In [1]:
IN_COLAB = 'google.colab' in str(get_ipython())

if IN_COLAB:
    from google.colab import drive
    drive.mount('/content/drive', force_remount=True)
    %cd /content/drive/MyDrive/Github/Abstract-generator/bumbleBERT/notebooks
    
    %%capture
    !pip install feedparser tokenizers transformers;

In [2]:
import os, torch, time, math, sys, re, csv
import numpy as np

sys.path.append('..' + os.sep )
from src import default
import src.data.dataset_class as dsc
import src.data.dataloader_class as dlc

from src.model.transformer_hf import TransformerModel
from src.model.generate_text import gen_some_text
from src.model.train_evaluate import train, evaluate
#from src.model.transformer import make_gpt_model # imports don't work

device = torch.device("cuda" if torch.cuda.is_available() else "cpu")

### Parameters

In [3]:
# ARCHITECTURE
maxLen     = 40 # maximum sentence length
vocabSize  = None # None if you want to let tokenizer do its thing
emsize     = 512 # embedding dimension
nhid       = 2048 # the dimension of the feedforward network model in torch.nn.TransformerEncoder
nlayers    = 12 # the number of torch.nn.TransformerEncoderLayer in torch.nn.TransformerEncoder
nhead      = 8 # the number of heads in the multiheadattention models
dropout    = 0.2 # the dropout value
batchSize = 10 #32
valBatchSize = 10 #32, not used right now.
epochs     = 10  # The number of epochs

TRAIN = True

### Format Dataset

Uses a custom dataset class, which is an iterable and callable structure that returns a sample from our dataset.

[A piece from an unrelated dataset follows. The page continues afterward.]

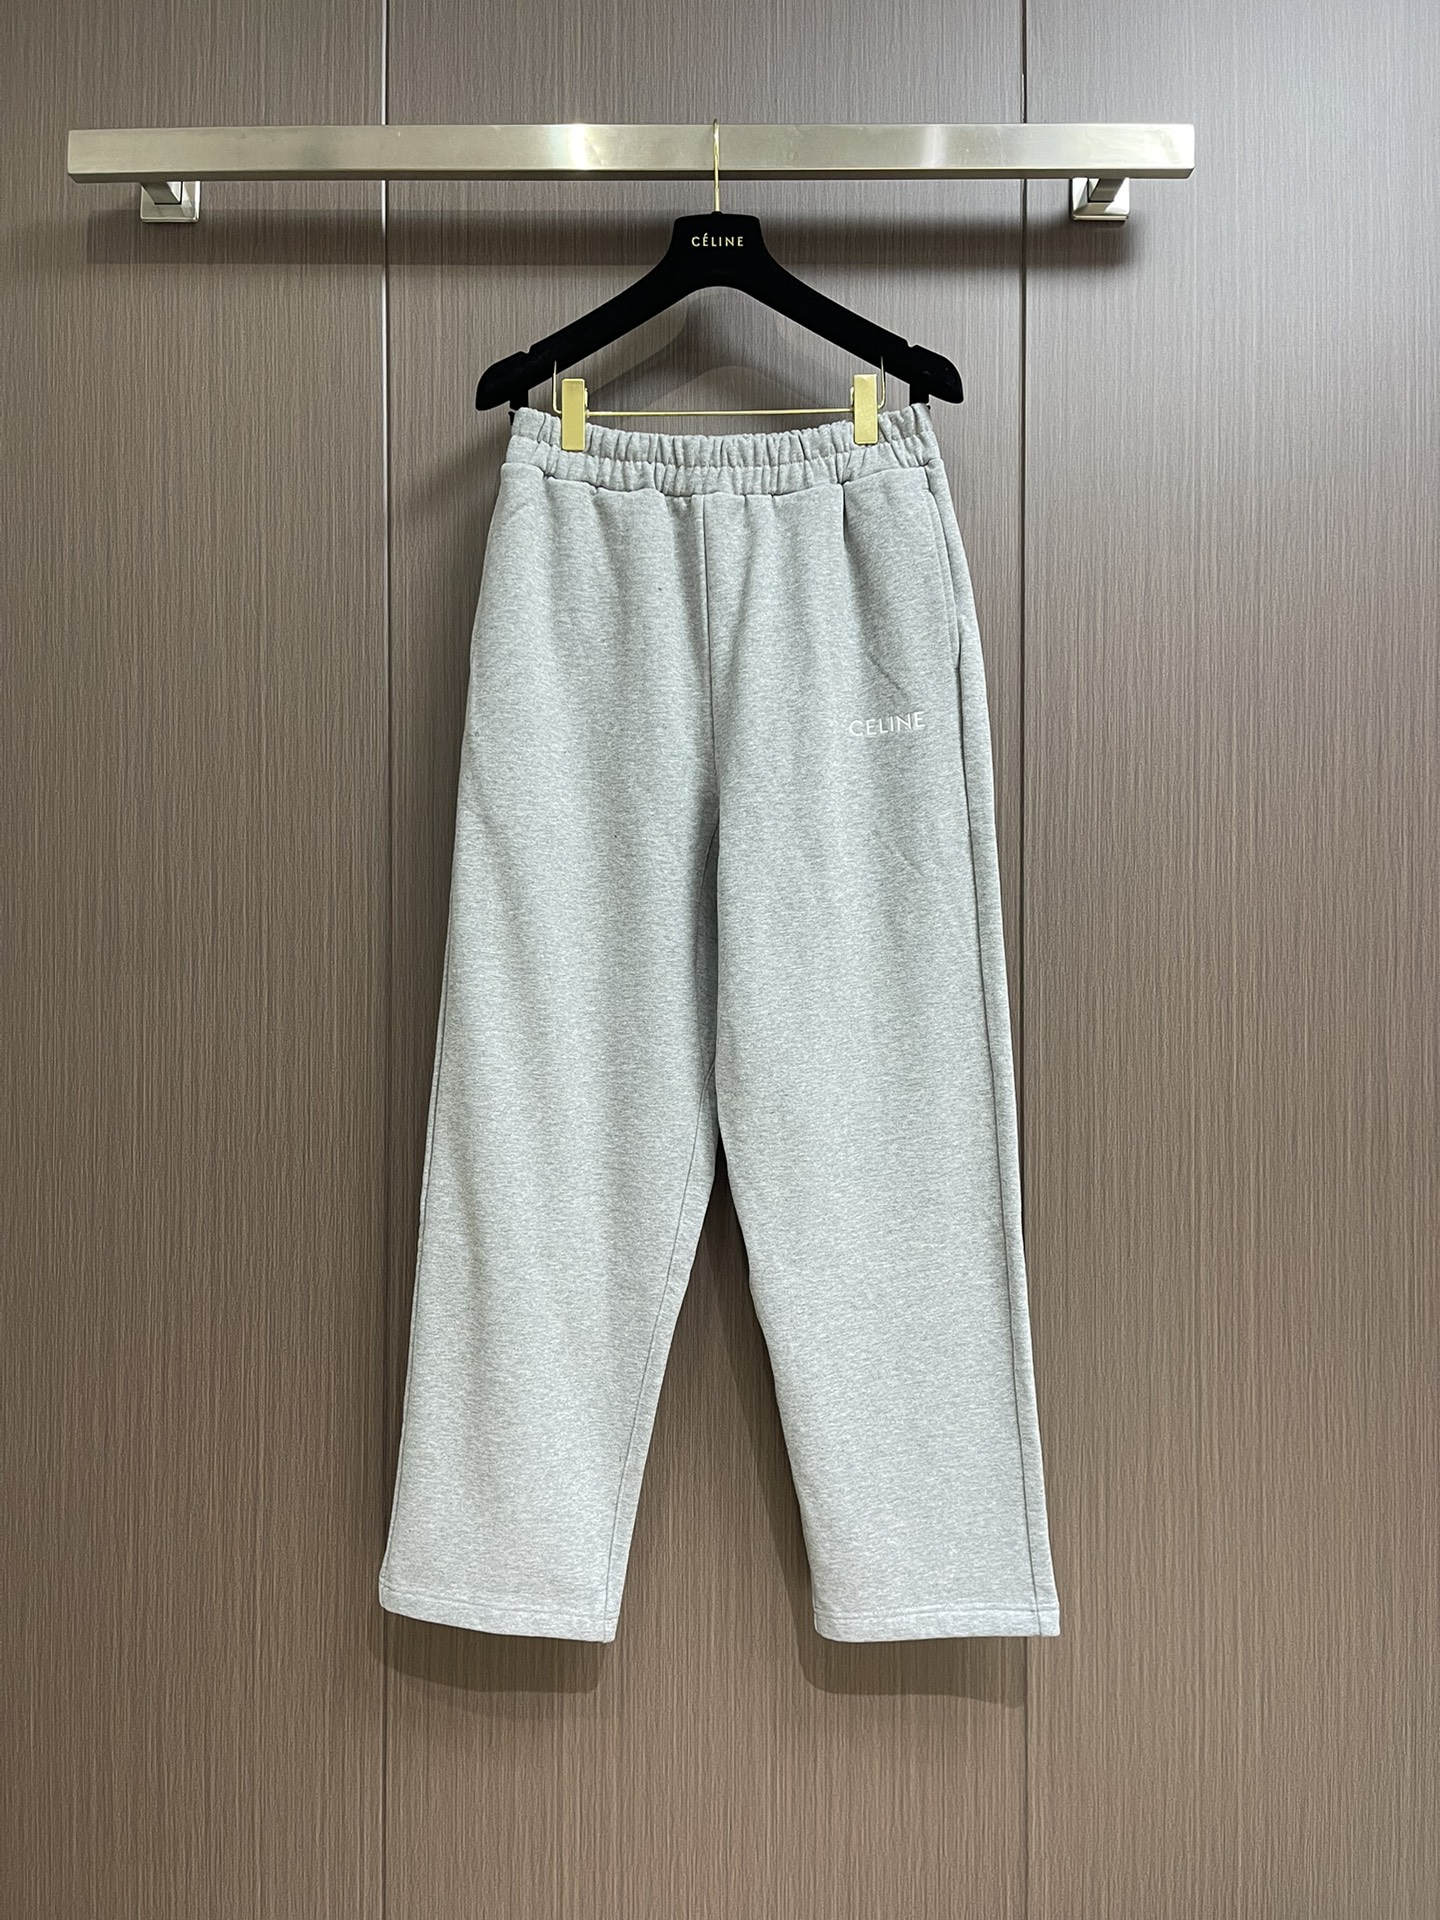 Celine Clothing Pants & Trousers Unisex Cotton Spring Collection Fashion Casual

Within this custom dataset, can determine all preprocessing.

In [4]:
# create dataset
dataset = dsc.ArxivDataset()
dataset = dsc.WikiTextDataset()

#train tokenizer (or use one already trained)
tknzrType = 'BPE'
tknzrTrain = True
tknzrFast = True

_ = dataset.tokenizer(tknzrTrain, tknzrType, tknzrFast=tknzrFast)






### Creating DataLoaders

Training is done on batches, so we need a way to extract groupings of the data in the appropriate format for our transformer model.
Note that for transformers which we are training, dataloaders outputs both src (x[:-1] and tgt ([1:]).
The collation of batches for different transformer models we have vary. For HuggingFace it's ( maxLen x batch_size ) whereas I think that the Annotated Transformer has ( batch_size x maxLen ).

I created a custom Dataloader class that wraps splitting the dataset and also outputs different dataloaders for each.

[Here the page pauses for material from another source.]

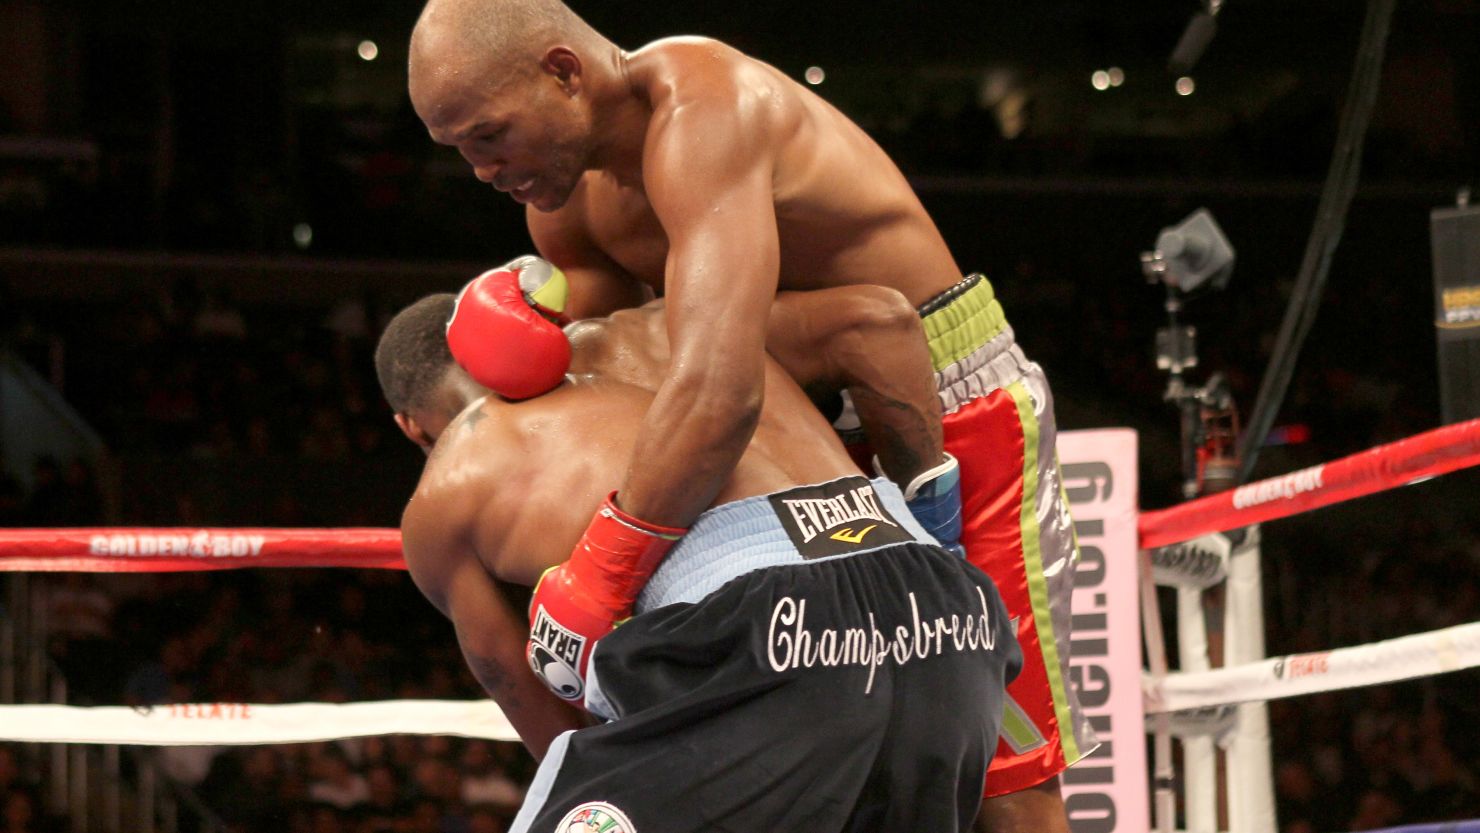 Bernard Hopkins (right) tangles with Chad Dawson during their light heavyweight title fight on October 15.

NOTE : Do not use the tokenizer before the training if you use num_workers>0!
FastTokenizer does not play nicely with forking if you use it before the forking of your data:
https://stackoverflow.com/questions/62691279/how-to-disable-tokenizers-parallelism-true-false-warning

In [5]:
dataloader = dlc.CustomDataloader(dataset, batchSize, maxLen)

### Selecting model

Here we choose which model we shall use for training. For now, I've selected the black box Transformer from HuggingFace because the collate_fn I've written gives the correct input size force it... however this can easily be changed! 

In [6]:
# transformer from huggingface
# TODO : Change to the Annotated Transformer if I want
model = TransformerModel(dataset.vocabSize, emsize, nhead, nhid, nlayers, dropout).to(device)

# criterion
criterion = torch.nn.CrossEntropyLoss()#ignore_index=tknzr.get_vocab()["<pad>"])

# optimizer
paramsAdam  = [{'params' : model.parameters(), 'lr' : 1e-3, 'betas' : (0.9, 0.999), 'eps' : 1e-08, 'weight_decay' : 0.0}]
paramsAdamW = [{'params' : model.parameters(), 'lr' : 5e-5, 'betas' : (0.9, 0.999), 'eps' : 1e-08, 'weight_decay' : 0.0}]
paramsSGD   = [{'params' : model.parameters(), 'lr' : 0.5, 'momentum' : 0.0, 'dampening' : 0.0, 'weight_decay' : 0.0}]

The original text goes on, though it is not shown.